Reged: 04/26/04
Posts: 1490
Loc: New York, New York
Some of this fits me pretty well
I am easily overwhelmed by strong sensory input. I can barely walk through the music section of circuit city, and I can't stand techno music -- it makes me crazy! Other people's moods affect me. This is very true for me, and I find it offensive when people take their poor moods out on me. I am very careful not to be grumpy or sulky around people when I am not feeling my best. I find myself needing to withdraw during busy days,into bed or into a darkened room or any place where I can have some privacy and relief from stimulation. I'd put it exactly that way. I am made uncomfortable by loud noises. Ny neighbor plays amazingly loud music with the bass turned way up. It's more than distracting -- it's totally infuriating. When I think it's too loud I tell her to turn it down, but when I can just generally overhear that she has music on, I leave it alone and chalk it up to apartment life.
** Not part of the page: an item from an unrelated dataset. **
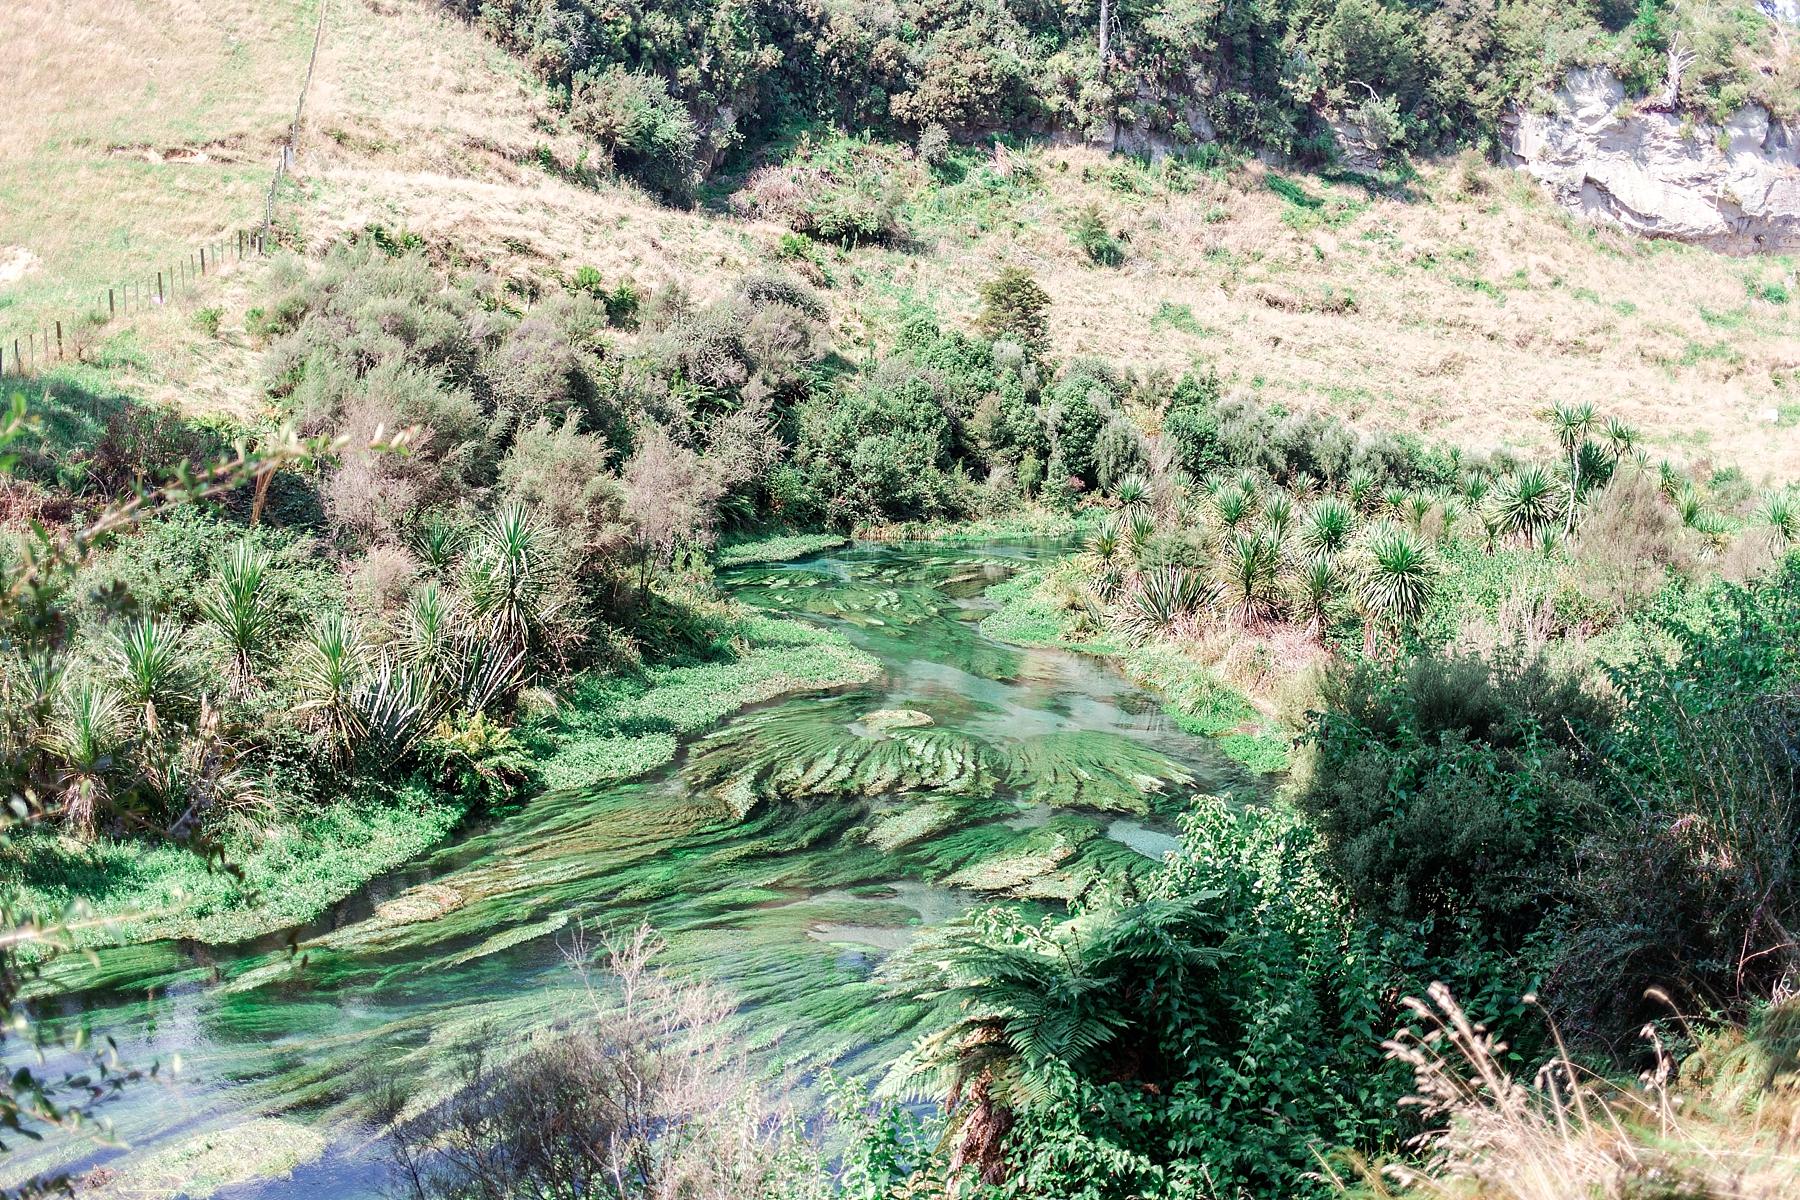 north-island-blue-springs-putaruru-new-zealand-scenery_0235.jpg
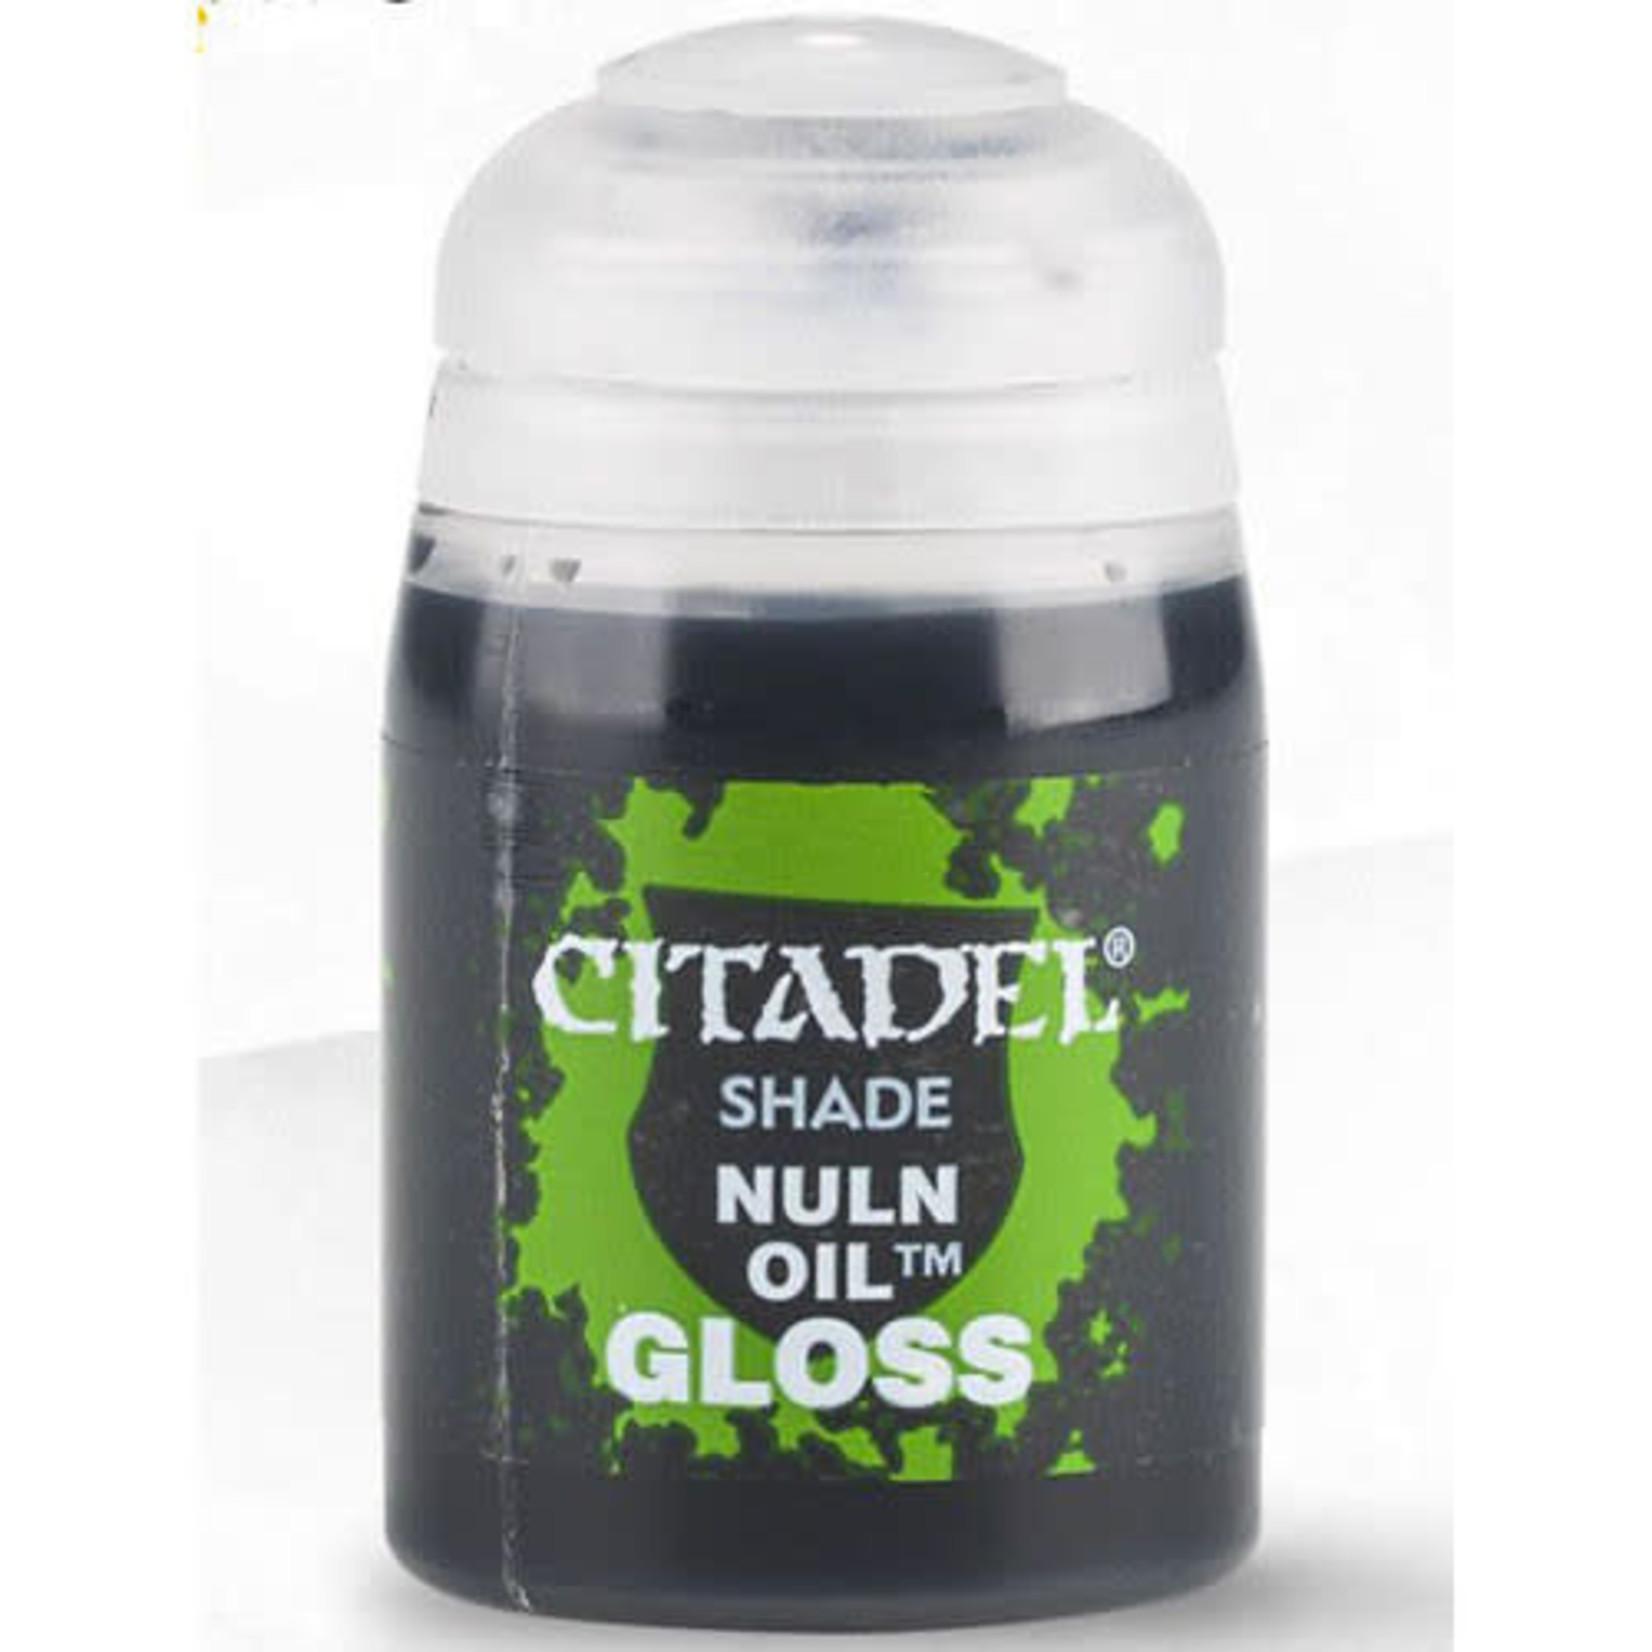 Citadel Citadel Paint - Shade: Nuln Oil GLOSS

I startle easily. Yes, I jump at movies and tv shows especially. My nervous system sometimes feels so frazzled that I just have to go off by myself. Yup I make a point to avoid violent movies and TV shows. I don't mind violence at all but I don't like suspense thrillers or anything like that. Makes me nervous. Oddly enough, movies like "Meet the Parents" make me so stressed out on behalf of the characters that I cannot enjoy the movie. I haven't seen the sequel just for that reason. I am bothered by intense stimuli, like loud noises or chaotic scenes. I panicked trying to get out of a very crowded Penn Station during the RNC in NYC, and I don't know if that's normal or not. Usually chaotic scenes are okay but uncontrolled noise is not. When I was a child, my parents or teachers seemed to see me as sensitive or shy. Sensitive, yes. Shy, no. I can remember my parents sitting me down to say that I was too old to cry over hurt feelings anymore (I was probably 7). Having two older brothers toughened me up somewhat, but I am still pretty scared of confrontation and I hate when I do a bad job and others disapprove. I cry a lot -- sometimes up to 4 days a week for a long time, but in general I do not feel the least bit depressed and I generally have a positive outlook.